Le décalage entre le nombre d’emplois proposés par les entreprises et leurs difficultés à recruter s’est accentué. (Photo: Shutterstock)

Le décalage entre le nombre d’emplois proposés par les entreprises et leurs difficultés à recruter s’est accentué. (Photo: Shutterstock)

Un même décalage entre l’offre et la demande perturbe la reprise du marché de l’emploi après la récession due à la pandémie. Retards de croissance et inflation pourraient, à différentes échelles, jouer un rôle de perturbateurs économiques.

La reprise euphorique post-pandémie a accentué le décalage qui existait déjà entre le nombre d’emplois proposés par les entreprises et les difficultés que ces dernières rencontrent pour les pourvoir, en Europe comme aux États-Unis. Selon l’éditorialiste William De Vijlder, group chief economist chez BNP Paribas Europe, les enquêtes auprès des entreprises de la zone euro mettent en évidence des pénuries records de personnel. Associées aux pénuries de composants, elles constituent un frein pour la croissance économique, car elles limitent la productivité dans certains secteurs sensibles, comme l’industrie, l’hôtellerie ou la santé.

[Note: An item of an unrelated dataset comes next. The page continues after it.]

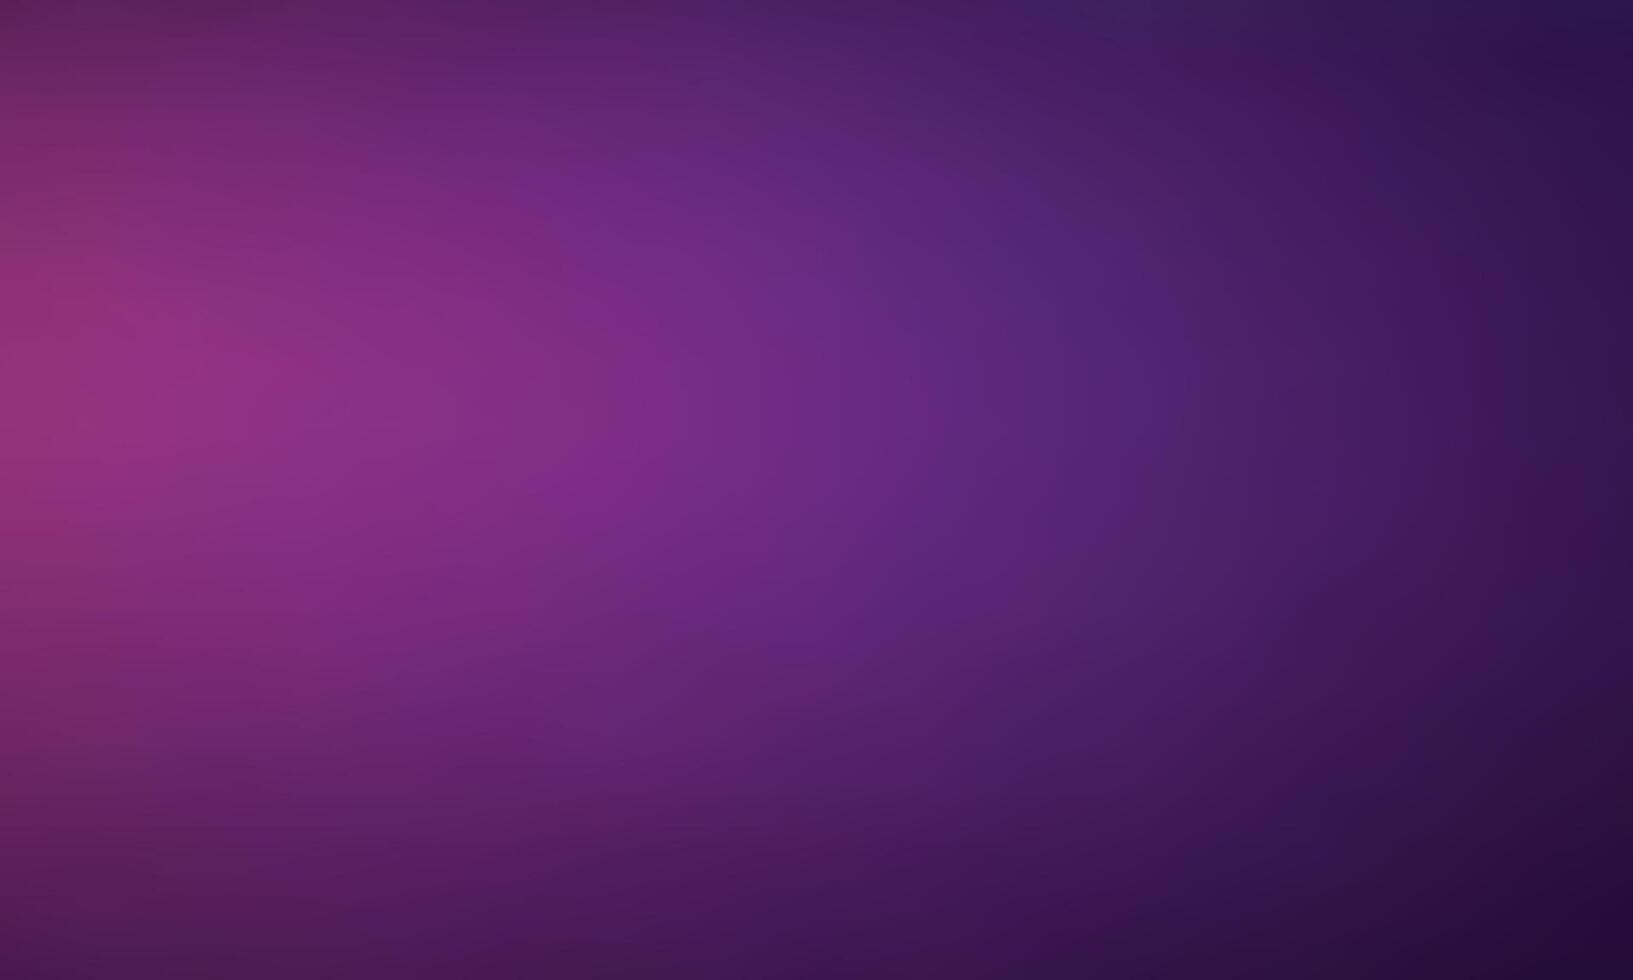 kreativ dunkel lila Gradient Hintergrund Illustration vektor
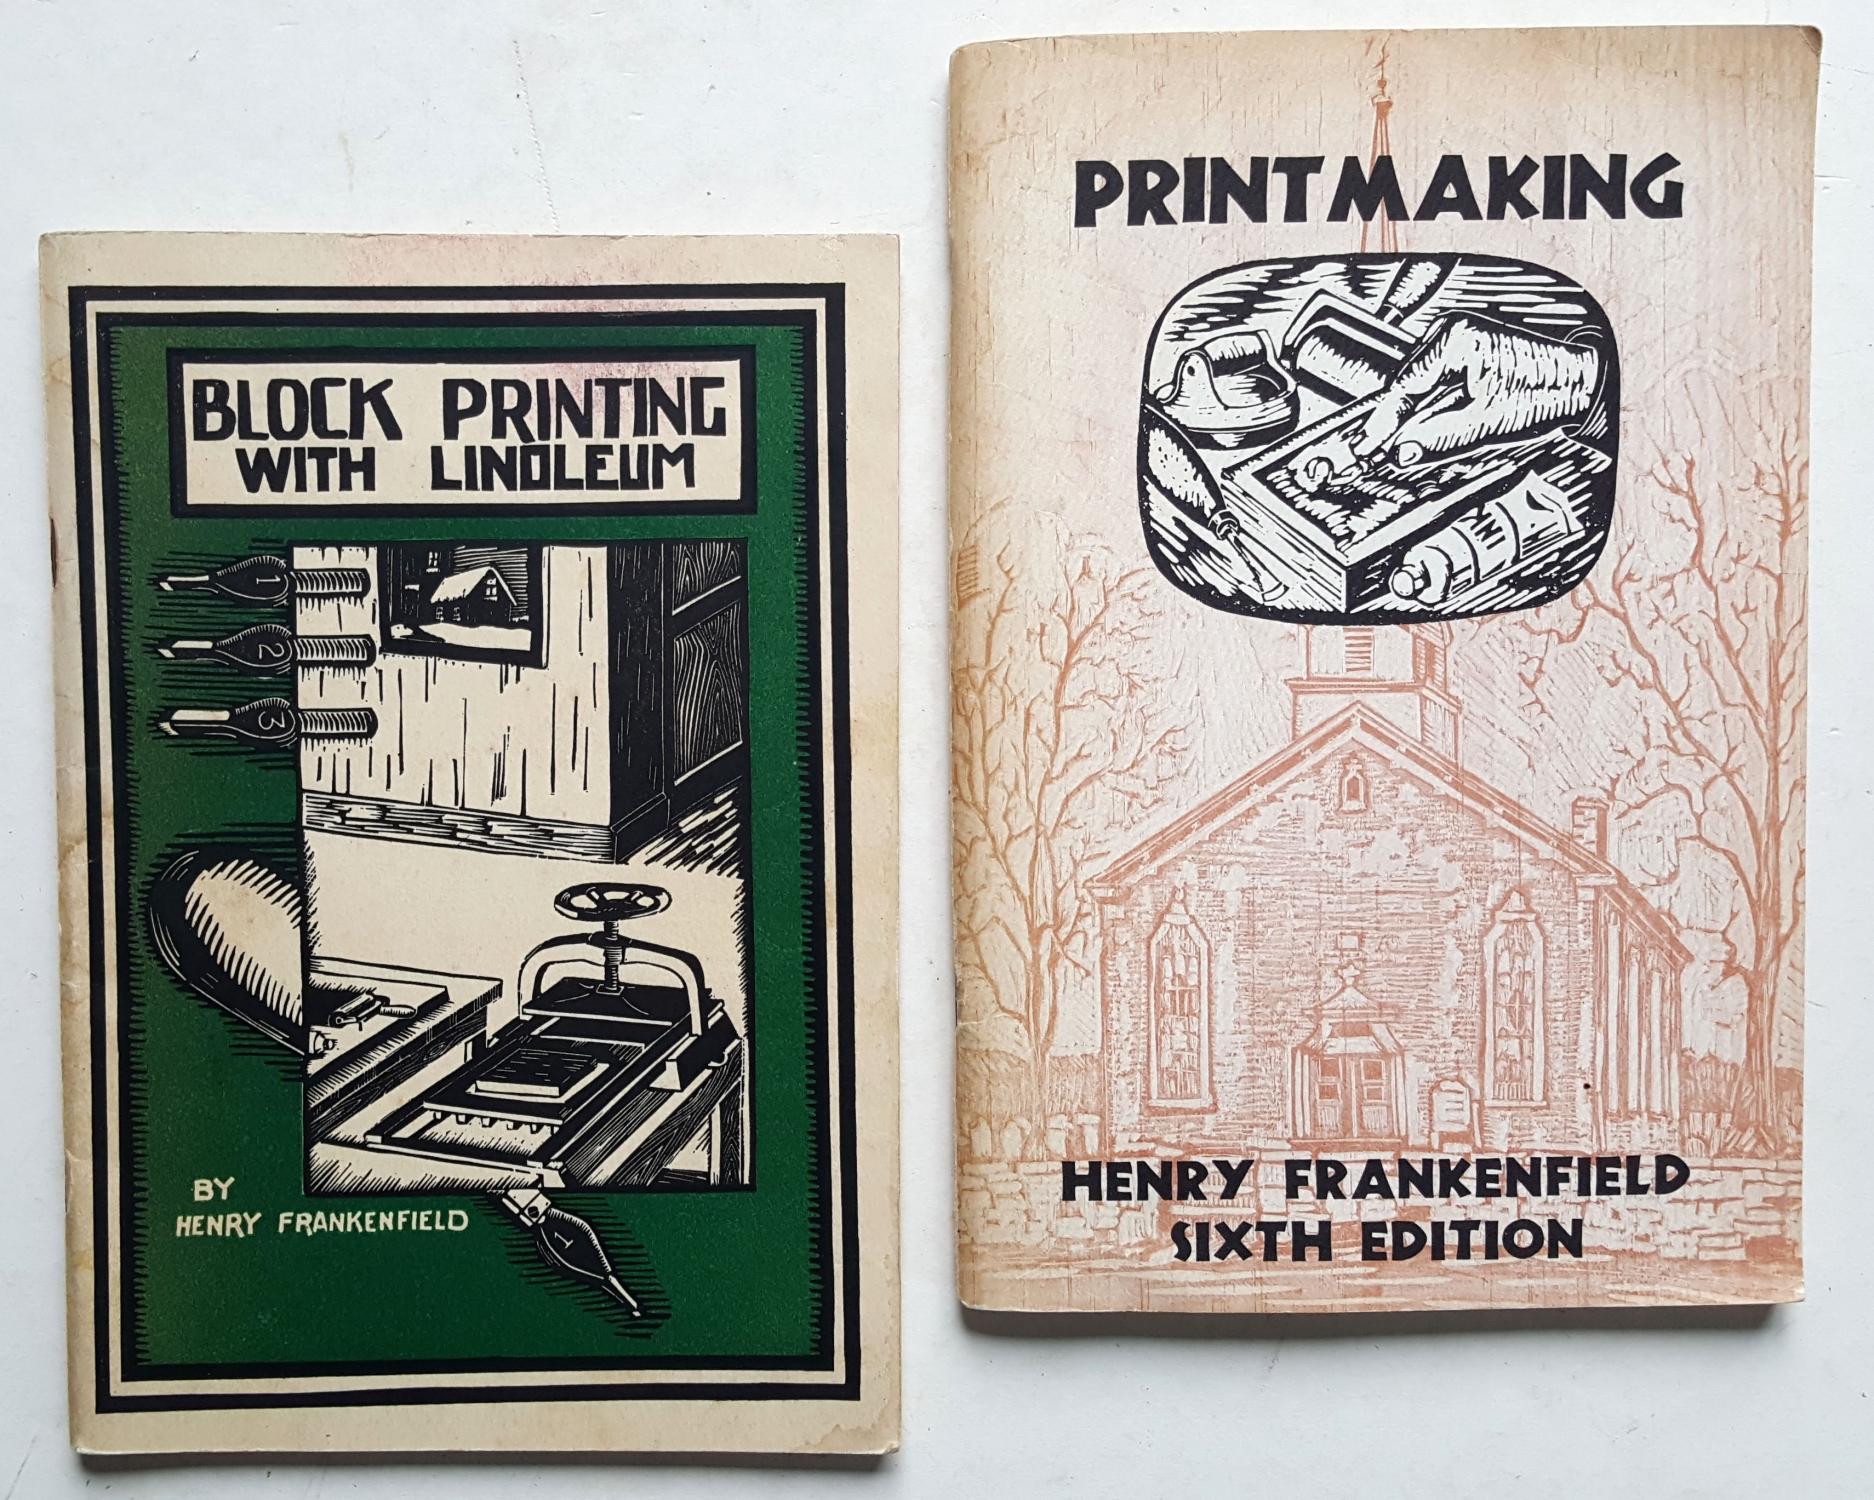 Block printing with Linoleum

Un sous-emploi en croissance, selon Eurostat

D’après Eurostat, le sous-emploi s’élèverait à 14,5% au deuxième trimestre 2021 contre 13% avant la pandémie. Même constat aux États-Unis. Selon Frank Vranken, head of PBIA strategic projects, chief strategist chez Edmond de Rothschild, «même avec des salaires plus élevés, les emplois sont abondants, mais de plus en plus difficiles à pourvoir» – il reste 7,8 millions d’emplois à pourvoir aux États-Unis. Une situation qui devrait se prolonger si le président Biden déploie son plan d’infrastructure (signé voici quelques jours, qui représente 1.200 milliards de dollars d’investissements devant notamment servir à refaire les routes, les ponts ou encore le réseau internet du pays, ndlr).

Pourtant, le marché de l’emploi américain est plus mobile que le marché européen, que les aides gouvernementales et le télétravail ont temporairement «éloigné» des chemins du bureau. Les Français seraient-ils plus réticents que les Américains à retourner travailler? En septembre, 4,4 millions d’Américains ont quitté leur employeur pour chercher de meilleures conditions ailleurs. La fameuse quête de l’équilibre vie pro/vie perso? «Avec le recul, la crise du Covid et ses ramifications pourraient bien être le plus grand bouleversement du marché du travail américain depuis la Seconde Guerre mondiale», analyse Frank Vranken.

Avec le recul, la crise du Covid et ses ramifications pourraient bien être le plus grand bouleversement du marché du travail américain depuis la Seconde Guerre mondiale.
 Frank Vranken

 Frank Vrankenchief strategist Banque Edmond de Rothschild

En Europe, la pénurie d’employabilité pourrait causer une augmentation plus rapide des salaires et une hausse de l’inflation. «À ce jour, la progression des salaires reste modérée. Mais, compte tenu de sa relation historique avec les goulets d’étranglement sur le marché du travail, une accélération semble probable», précise William De Vijlder, avant d’ajouter que «pour alléger les tensions sur le marché du travail, les intentions d’embauche des entreprises seront déterminantes».

À propos de la consommation des ménages américains, Frank Vranken estime que si l’inflation a réduit les gains salariaux réels des travailleurs américains, l’aide «Covidentielle» récemment reçue, associée à un taux d’épargne nettement amélioré ces dernières années, fait que le consommateur américain a «la puissance de feu nécessaire» pour dépenser.